Telomere Length, SIRT1, and Insulin in Male Master Athletes: The Path to Healthy Longevity?

Lower SIRT1 and insulin resistance are associated with accelerated telomere shortening. This study investigated whether the lifestyle of master athletes can attenuate these age-related changes and thereby slow aging. We compared insulin, SIRT1, and telomere length in highly trained male master athletes (n=52; aged 49.9±7.2 yrs) and age-matched non-athletes (n=19; aged 47.3±8.9 yrs). This is a cross-sectional study, in which all data were collected in one visit. Overnight fasted SIRT1 and insulin levels in whole blood were assessed using commercial kits. Relative telomere length was determined in leukocytes through qPCR analyses. Master athletes had higher SIRT1, lower insulin, and longer telomere length than age-matched non-athletes (p<0.05 for all). Insulin was inversely associated with SIRT1 (r=-0.38; p=0.001). Telomere length correlated positively with SIRT1 (r=0.65; p=0.001), whereas telomere length and insulin were not correlated (r=0.03; p=0.87). In conclusion, master athletes have higher SIRT1, lower insulin, and longer telomeres than age-matched non-athletes. Furthermore, SIRT1 was negatively associated with insulin and positively associated with telomere length. These findings suggest that in this sample of middle-aged participants reduced insulin, increased SIRT1 activity, and attenuation of biological aging are connected.

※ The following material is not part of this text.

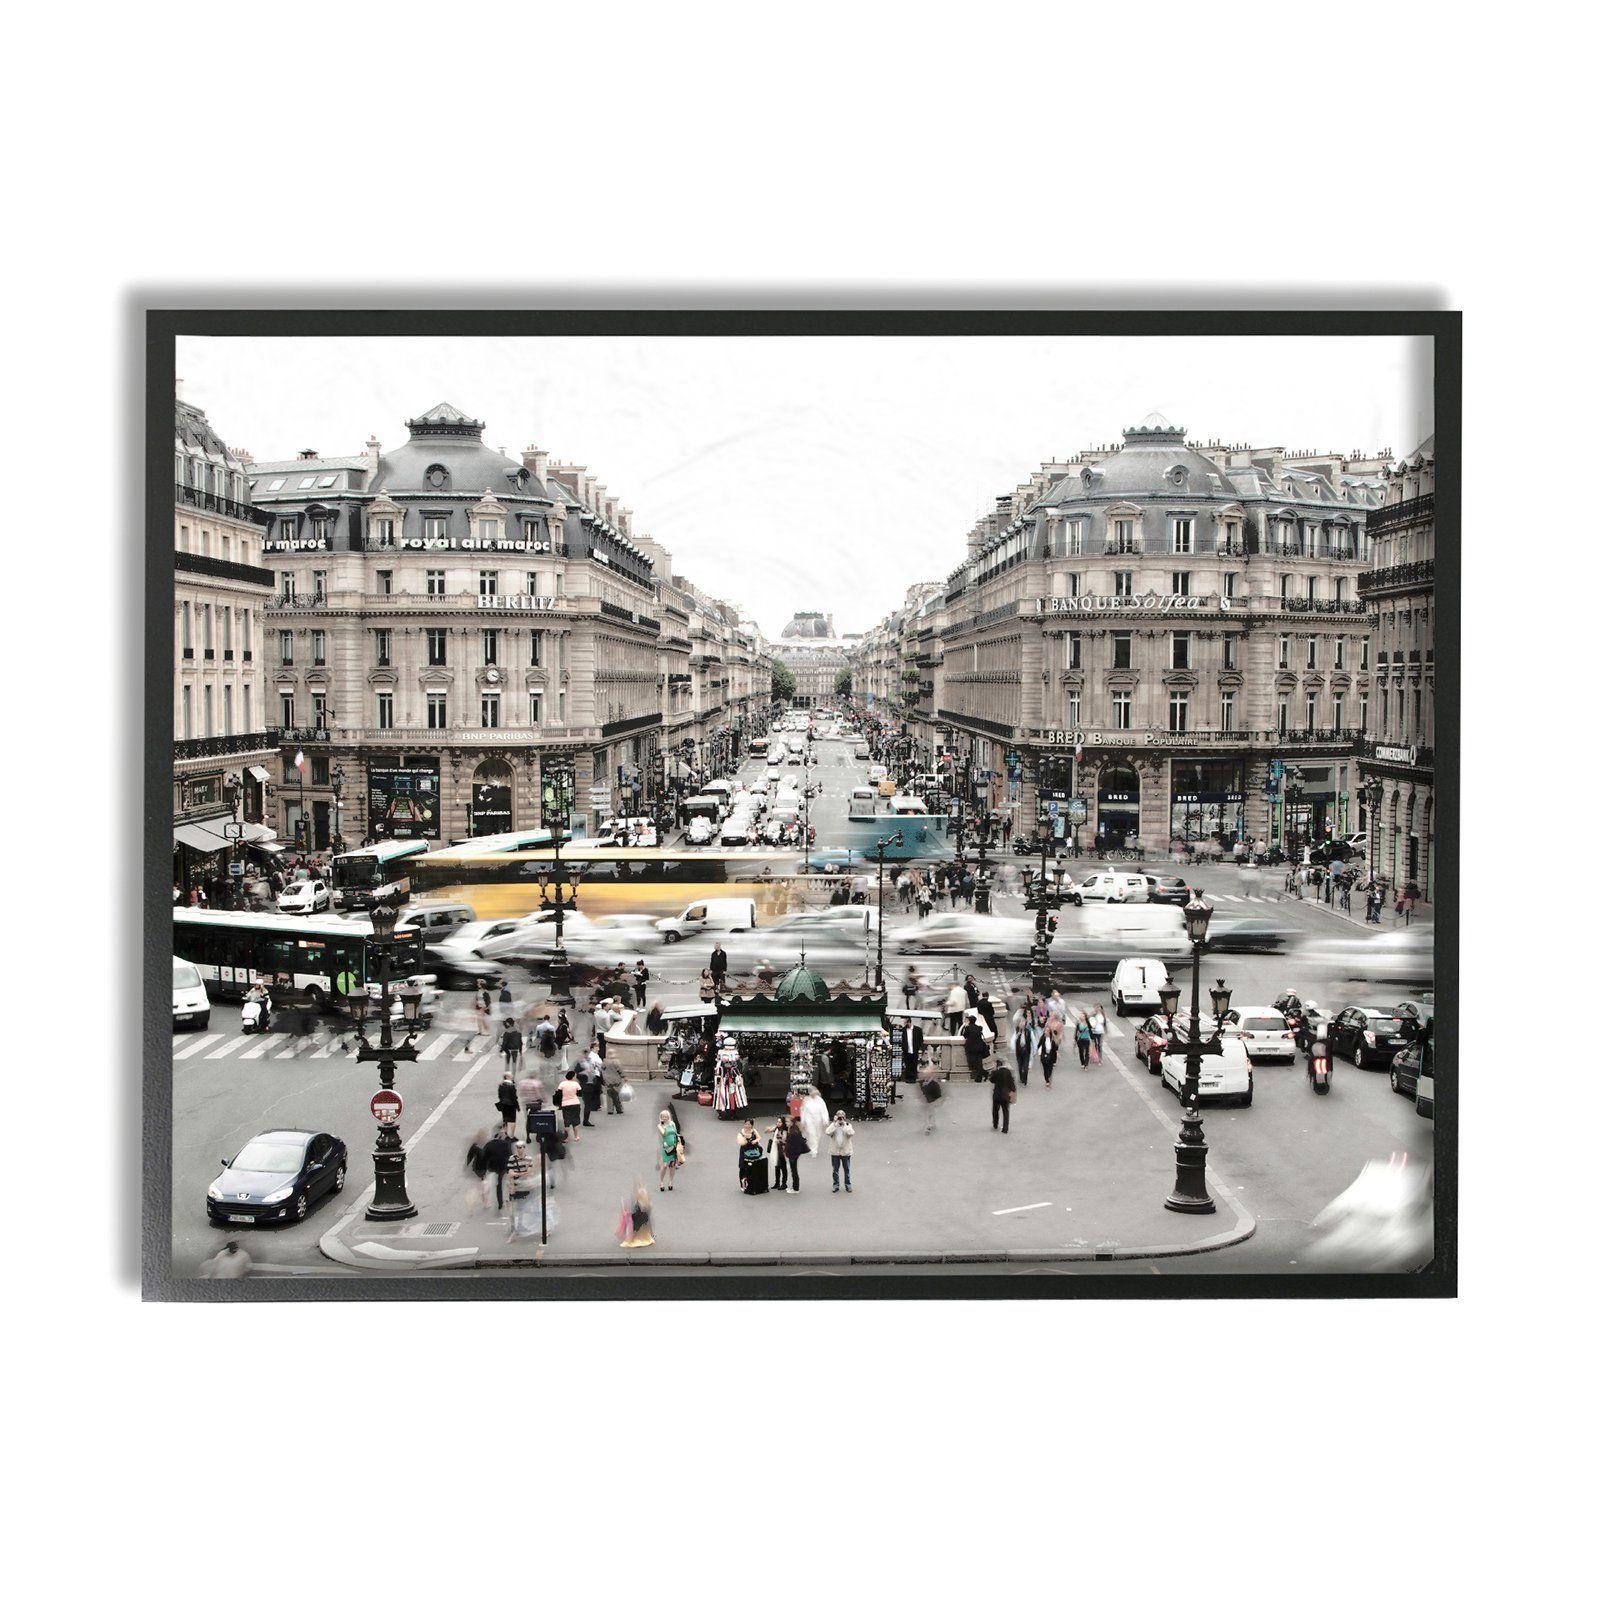 Stupell decor vintage paris textured photograph framed wall art

Master athletes have longer telomeres than age-matched non-athletes. A systematic review, meta-analysis and discussion of possible mechanisms.

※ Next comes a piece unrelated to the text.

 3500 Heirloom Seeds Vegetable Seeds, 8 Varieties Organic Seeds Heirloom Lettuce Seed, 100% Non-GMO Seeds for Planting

The aim of this systematic review and meta-analysis was 1) to assess whether master athletes have longer telomeres than age-matched non-athletes and 2) discuss possible underlying mechanisms underlying telomere length preservation in master athletes. A literature search was performed in PubMed, Web of Science, Scopus and SPORTDiscus up to August 2020. Only original articles published in peer-reviewed journals that compared telomere length between master athletes and aged-matched non-athletes were included. Eleven studies fulfilled eligibility criteria and were included in the final analysis. Overall, 240 master athletes (51.9±7.5 years) and 209 age-matched non-athletes (50.1±9.1 years) were analyzed. Master athletes had been participating in high-level competitions for approximately 16.6 years. Pooled analyses revealed that master athletes had longer telomeres than aged-matched non-athletes (SMD=0.89; 95% CI=0.45 to 1.33; p<0.001). Master athletes showed lower pro-oxidant damage (SMD=0.59; 95% CI=0.26 to 0.91; p<0.001) and higher antioxidant capacity (SMD=-0.46; 95% CI=-0.89 to -0.03; p=0.04) than age-matched non-athletes. Further, greater telomere length in master athletes is associated with lower oxidative stress and chronic inflammation, and enhanced shelterin protein expression and telomerase activity. In conclusion, 1) master athletes have longer telomeres than age-matched non-athletes, which may be the result of 2) lower levels of oxidative stress and chronic inflammation, and elevated shelterin expression and telomerase activity.